• MATERIALS PROVIDED:
········
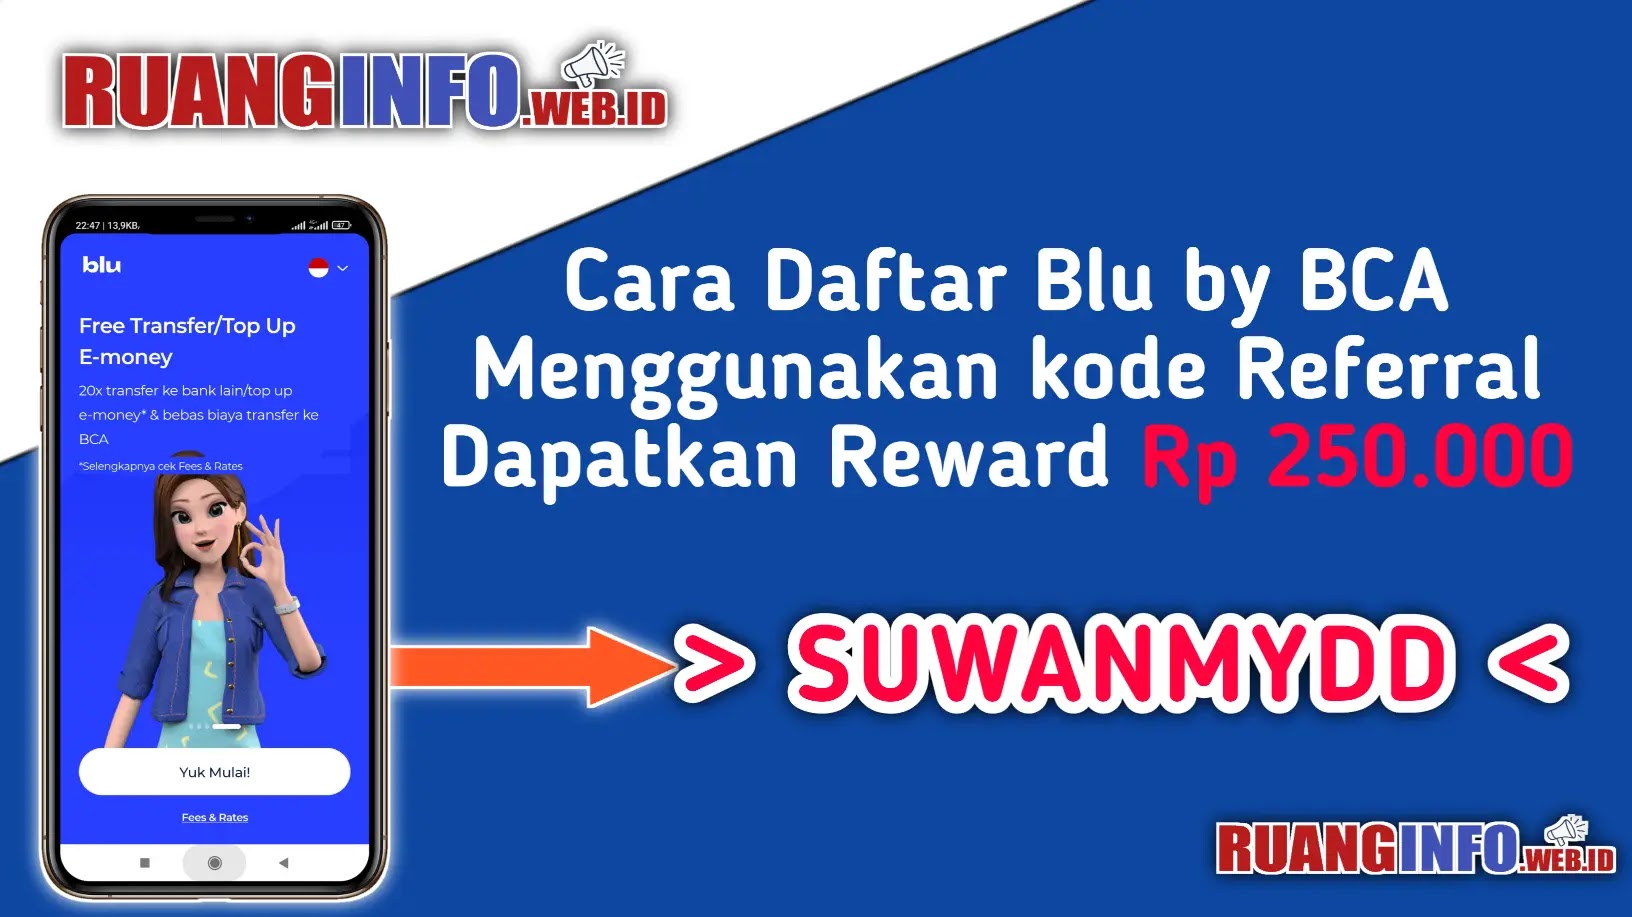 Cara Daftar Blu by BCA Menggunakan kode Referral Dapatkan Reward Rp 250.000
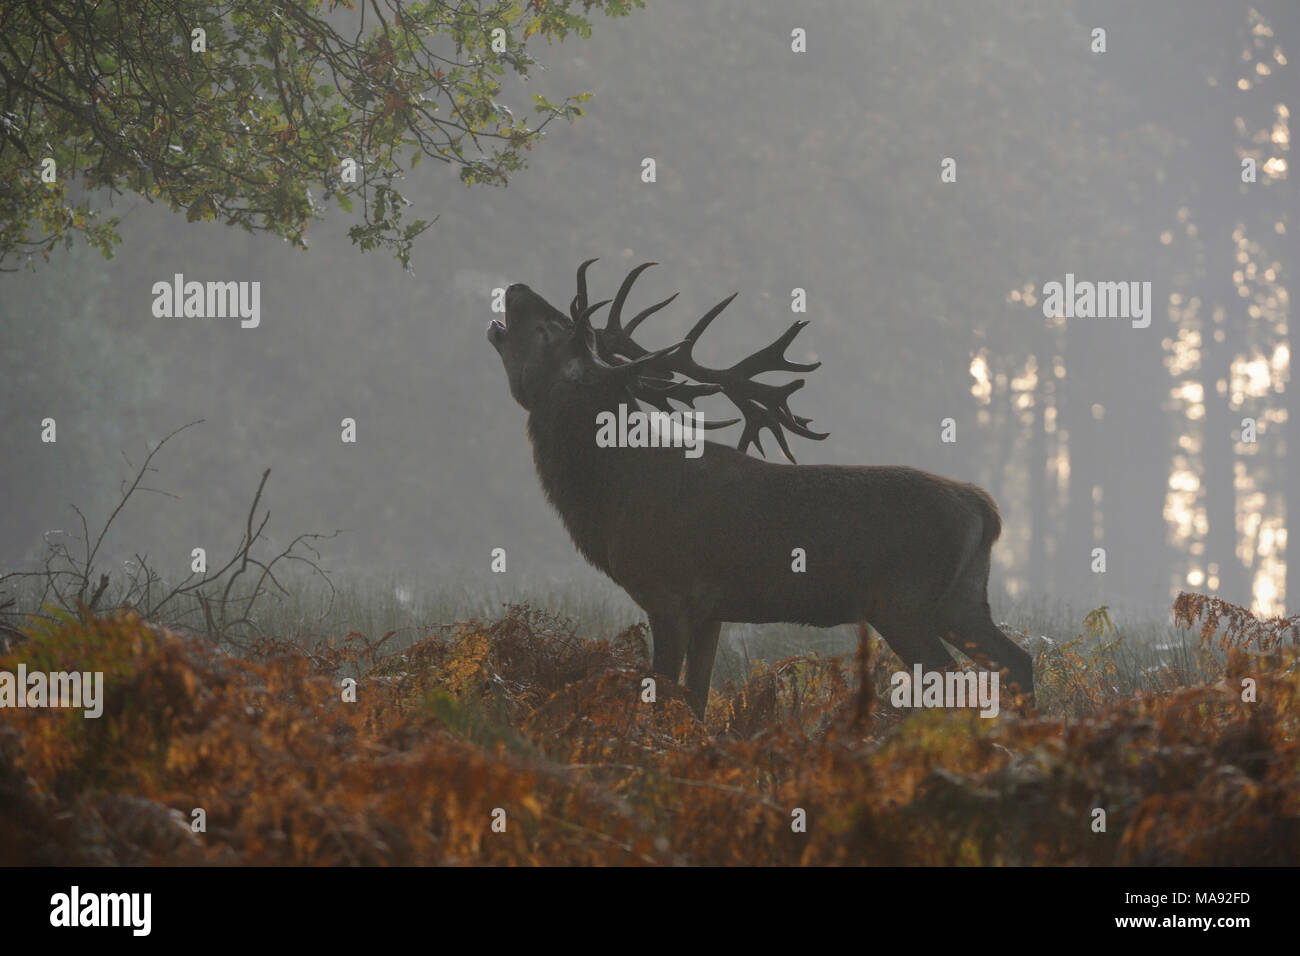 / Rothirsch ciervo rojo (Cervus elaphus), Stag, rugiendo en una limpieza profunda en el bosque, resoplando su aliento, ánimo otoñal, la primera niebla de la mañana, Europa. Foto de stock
········
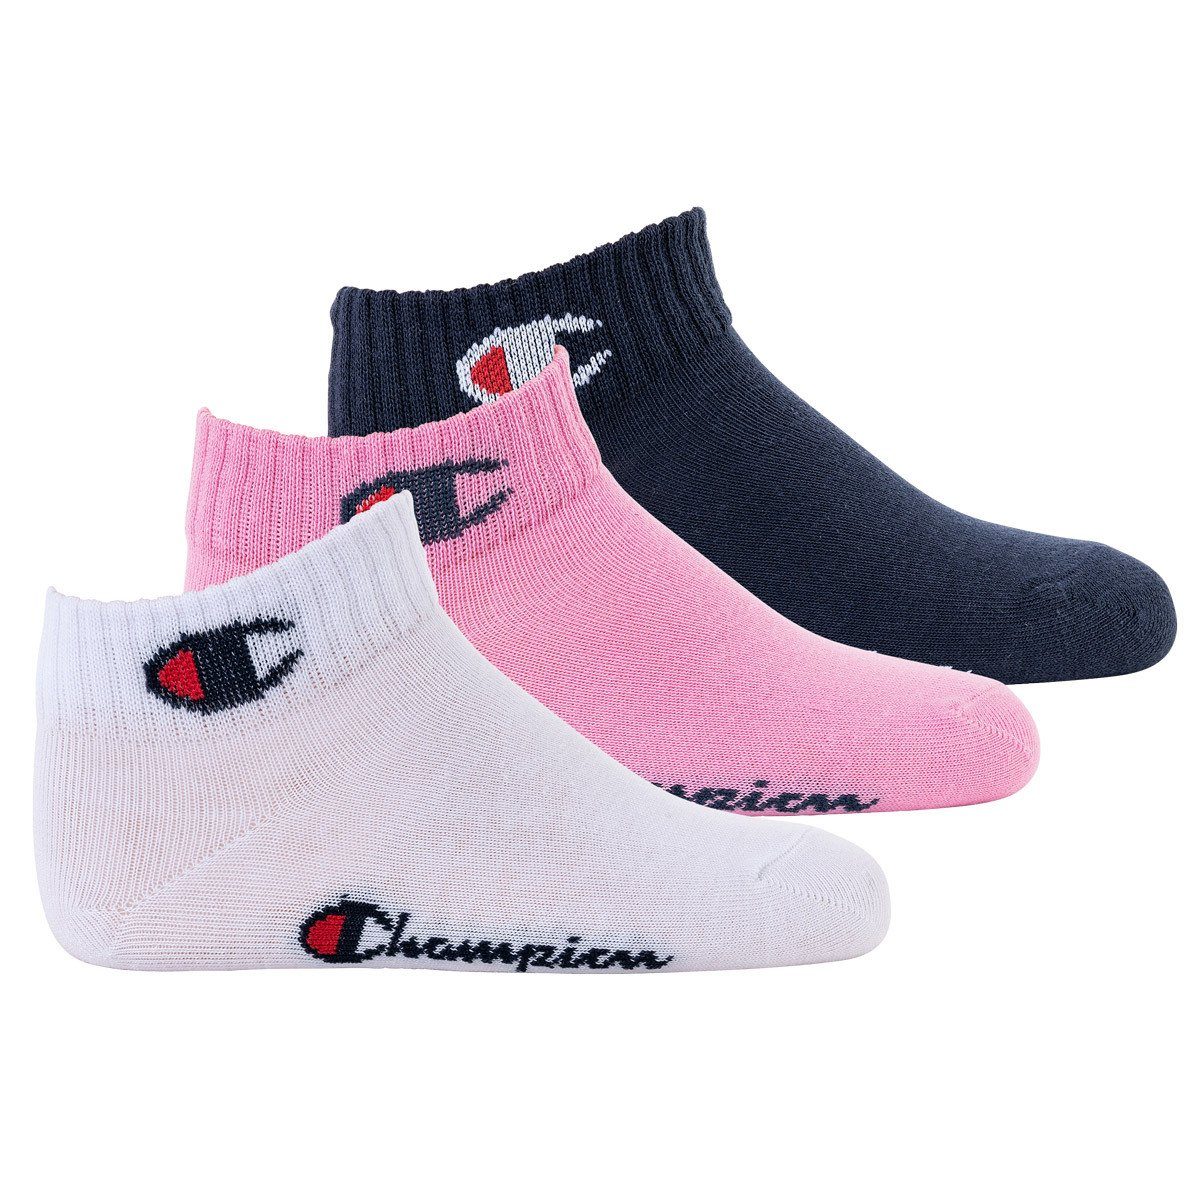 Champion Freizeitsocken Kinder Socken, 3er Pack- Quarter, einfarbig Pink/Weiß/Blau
········
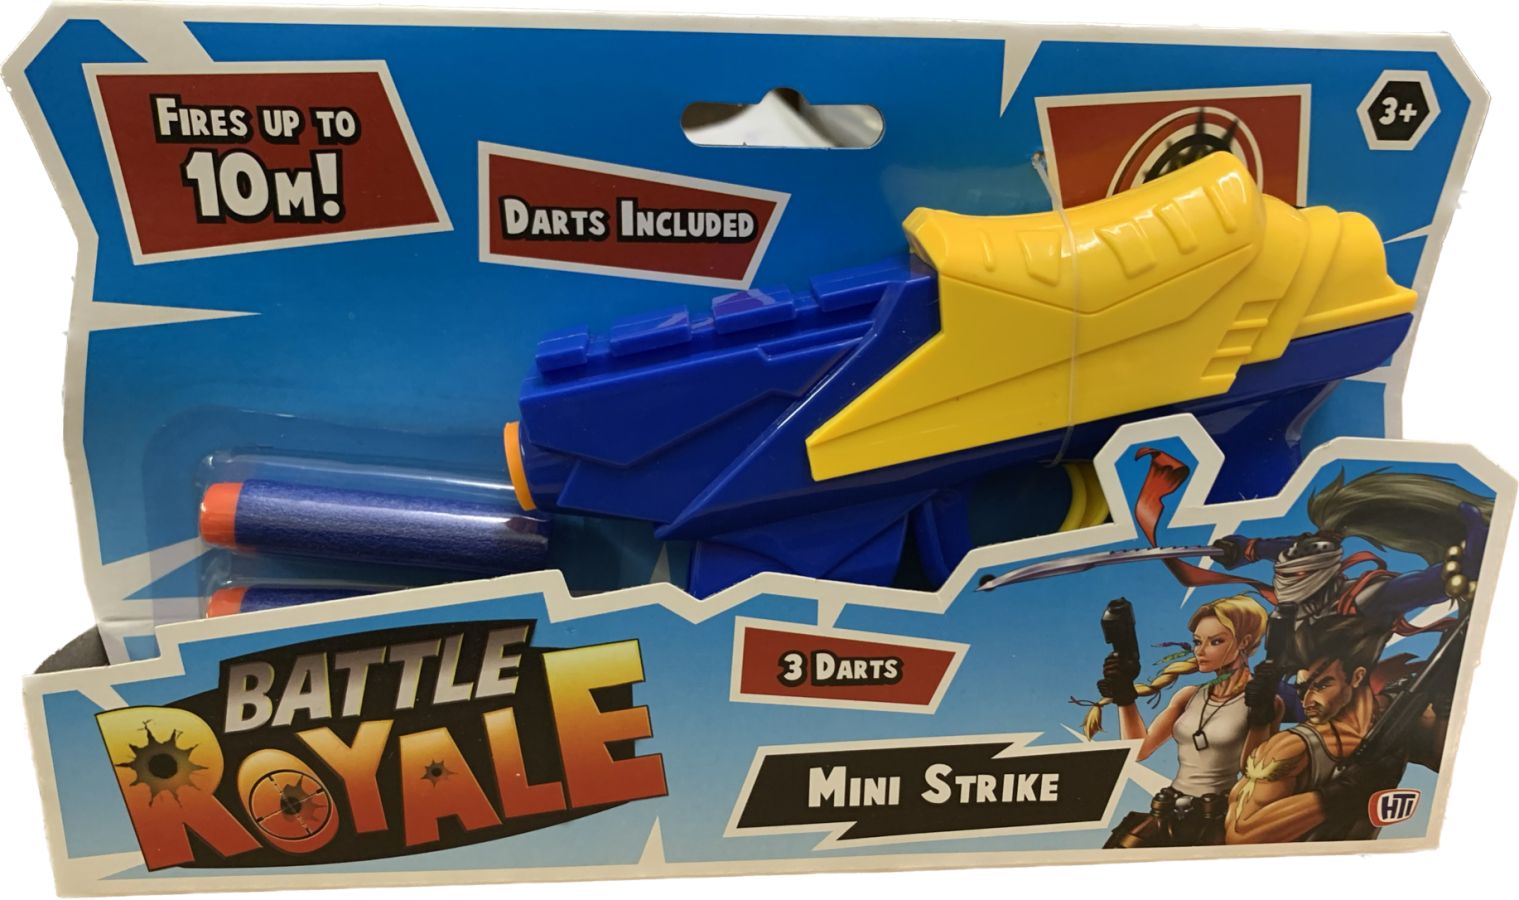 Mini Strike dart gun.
········
• TASK DESCRIPTION: Only one part of the material above is wanted: the lines from the one with "Cara Daftar Blu" up to and including the one with "Foto de stock". Please copy them exactly, pictures left out.

• RESPONSE AREA:
 Cara Daftar Blu by BCA Menggunakan kode Referral Dapatkan Reward Rp 250.000
 / Rothirsch ciervo rojo (Cervus elaphus), Stag, rugiendo en una limpieza profunda en el bosque, resoplando su aliento, ánimo otoñal, la primera niebla de la mañana, Europa. Foto de stock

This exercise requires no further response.